577 S.E.2d 67 | Ga. Ct. App. | 2003
In this case regarding a settlement and release for certain termite damage, Drue Anderson appeals the trial court’s grant of summary judgment to Astro Exterminating Services, Inc., contending that questions of fact remain whether Astro should be held responsible for damages occurring to the home after the signing of the settlement. For the reasons set forth below, we affirm.
Summary judgment is proper when there is no genuine issue of material fact and the movant is entitled to judgment as a matter of law. OCGA § 9-11-56 (c). A de novo standard of review applies to an appeal from a grant of summary judgment, and we view the evidence, and all reasonable conclusions and inferences drawn from it, in the light most favorable to the nonmovant.
Matjoulis v. Integon Gen. Ins. Corp.
Viewed in this light, the record shows that Astro treated Anderson’s home for termites in May 1990. Thereafter, Anderson’s home sustained serious termite damage, and on January 7, 1994, Anderson, Astro, and Zurich-American Insurance Company, Astro’s insurer, entered into a settlement agreement regarding the damages.

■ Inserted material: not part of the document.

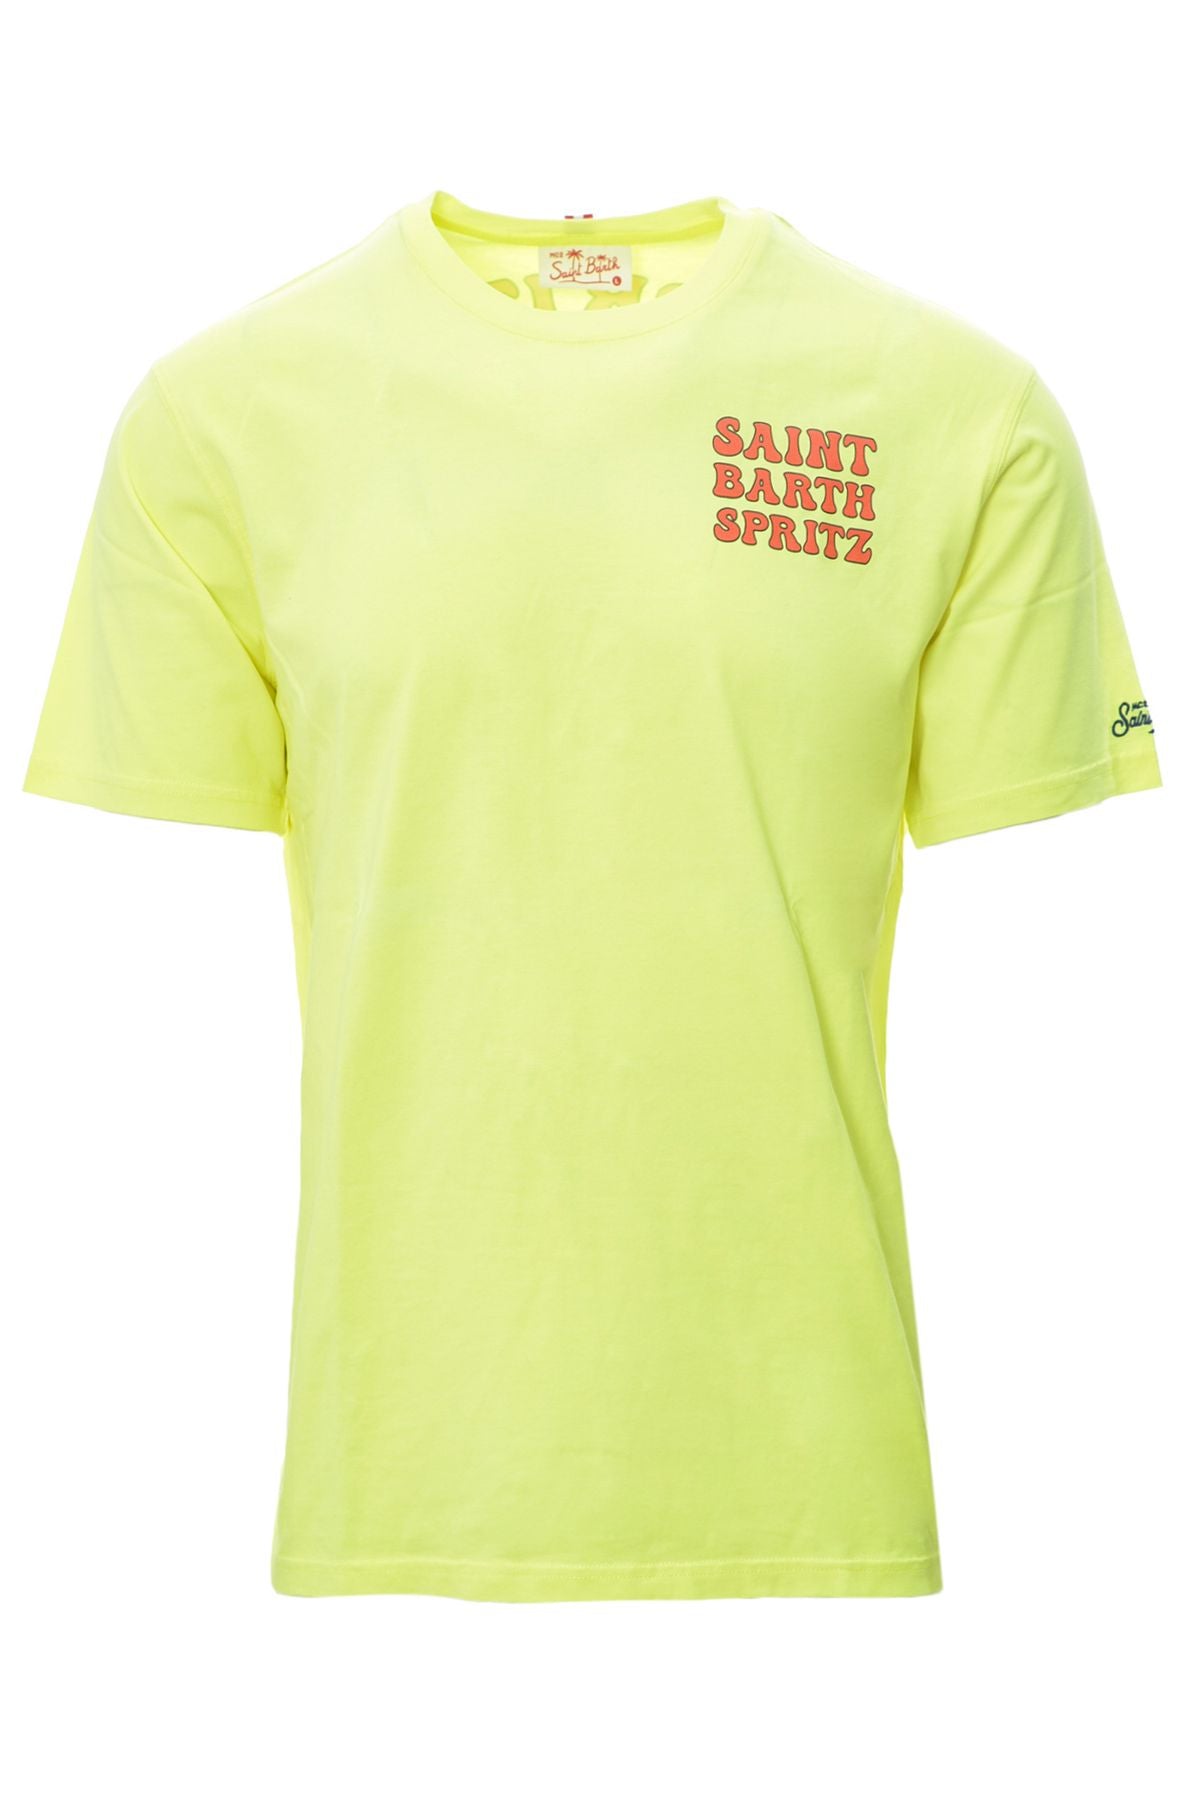 SAINT BART Camiseta Algodón Primavera/Verano

In relevant part, the settlement agreement provides:
For and in consideration of payment to me/us the sum of. . . $20,000.00 . . . , I/we . . . have released and discharged . . . Astro Exterminating and Zurich-American Insurance Company . . . from any and all actions ... in any way growing out of . . . damage resulting or to result from an ■ occurrence . . . that happened ... [at Anderson’s home]. ... It is understood Zurich-American Insurance Company agrees $14,700.00 of the settlement was allotted*371 to repair the residence of. . . Anderson. Should additional repairs to the residence be needed as a result of the termite damage in question, Zurich-American Insurance Company agrees to pay the reasonable cost of those repairs to . . . Anderson.
(Emphasis supplied.)
On January 6, 2000, Anderson filed suit against both Astro and Zurich-American seeking compensation for additional repairs needed as a result of the termite damage. Based on the unambiguous language of the settlement agreement, Astro filed a motion for judgment on the pleadings, and the trial court treated the motion as one for summary judgment and granted it.
The trial court’s action was proper. The contract in this case clearly and unambiguously states that Zurich-American, not Astro, agreed to pay the reasonable cost of any additional repairs needed. And, although Anderson attempts to imbue the language of the settlement agreement with ambiguity, his attempt is futile. “When the language of an agreement is plain and unambiguous, the court must afford its literal meaning, despite a party’s contention that he understood the contract to mean something else.” Sofran Peachtree City v. Peachtree City Holdings.
Judgment affirmed.
Matjoulis v. Integon Gen. Ins. Corp., 226 Ga. App. 459 (1) (486 SE2d 684) (1997).
Sofran Peachtree City v. Peachtree City Holdings, 250 Ga. App. 46, 50 (550 SE2d 429) (2001).